Amusing Ourselves to Death: Public Discourse in the Age of Show Business by Neil Postman.

I don’t consider myself a cultural pessimist. I’m convinced that there’s a lot of value in these new technologies, if we apply them wisely. If we leverage them to augment our own, human capabilities. If we manage to use them, in the words of Steve Jobs, as a bicycle for the mind—and not merely as tools to generate more and more copy-and-paste variations of the same old things. But despite my general optimism that we will find clever ways to do that, I also see the potential for a future in which we’re collectively engaging in what Neil Postman famously called “amusing ourselves to death”. Needless to say, a combination of economic interests and AI-generated content will play a significant role in that darker vision of what might be on the horizon.

Exploit: Information ist nicht umsonst by Ralph Mayr.
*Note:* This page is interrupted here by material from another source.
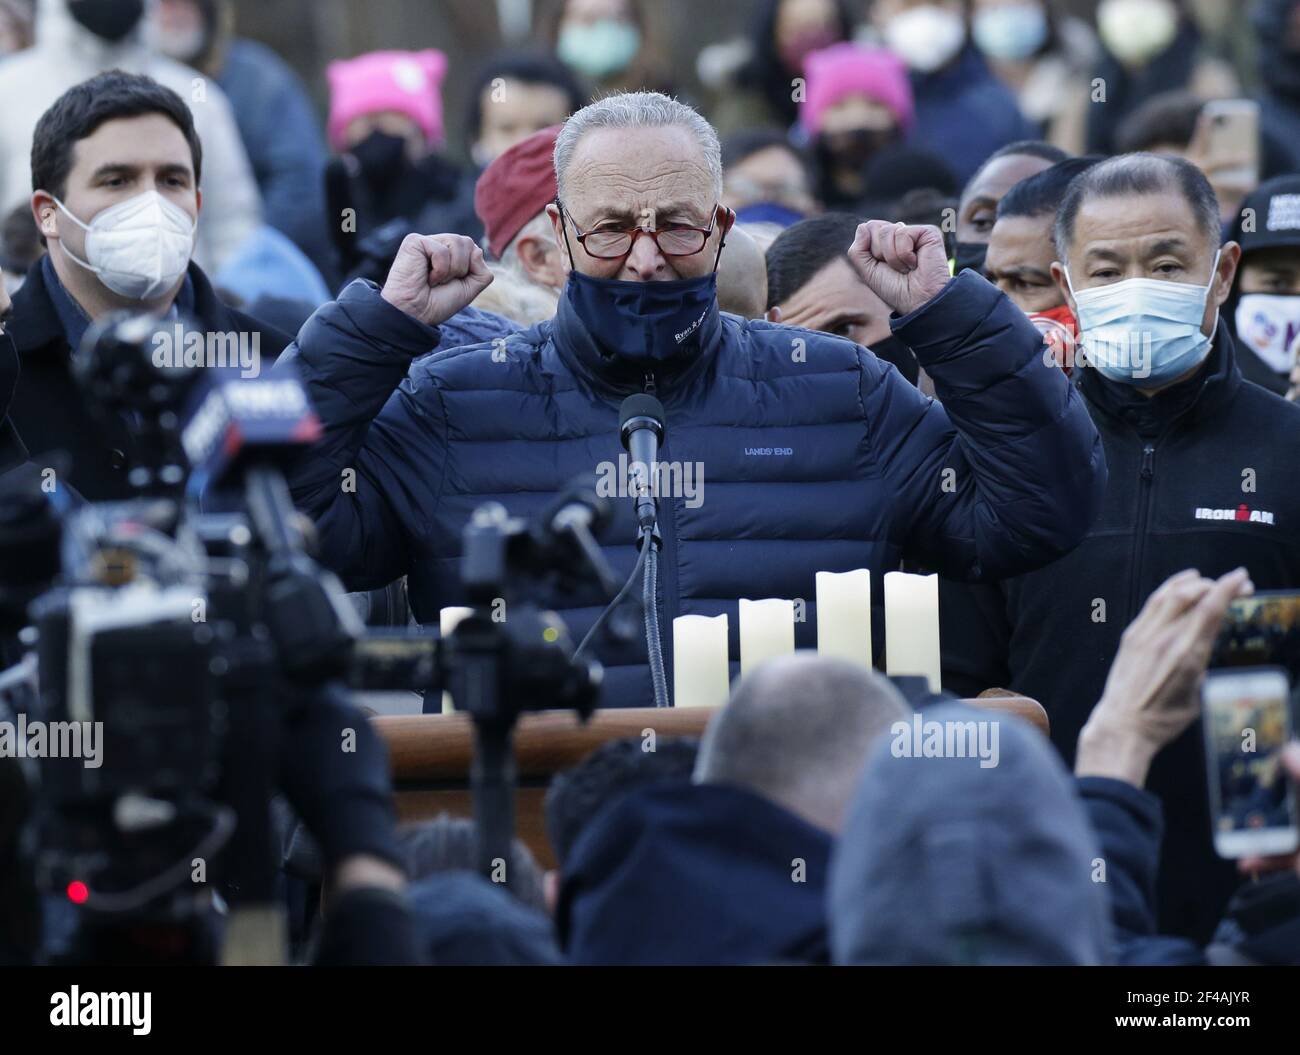 New York, United States. 19th Mar, 2021. Sen. Chuck Schumer speaks at a Vigil for Peace organized by Asian American Federation in Union Square in New York City on Friday, March 19, 2021. President Biden on Friday urged Congress to pass hate crime legislation to address the increase in discrimination and violence against Asian Americans during the COVID-19 pandemic. Photo by John Angelillo/UPI Credit: UPI/Alamy Live News Stock Photo

I find it almost funny that the biggest public concern with AI—that of the non-generative kind at least—had, for a long time, been its potential to power “Orwellian” use cases of perpetual and ubiquitous state-sponsored surveillance. And I should know about that kind of fear, as I’ve written an entire novel about what might go wrong in such a scenario. But the technologies that have erupted most recently point to a very different type of an equally “Orwellian” reality: Not only does 1984 put the reader in a dystopian environment where the government is using technology to spy on its citizens 24/7. In a passage that’s much less prominent, Orwell also introduces us to the versificator machines employed by the Ministry of Truth. Their purpose? Churning out endless recombinations of cheap content in order to keep the proles, those at the lowest rank of society, perpetually entertained as well as diverted—and thus to restrain their ability to harbor revolutionary thoughts.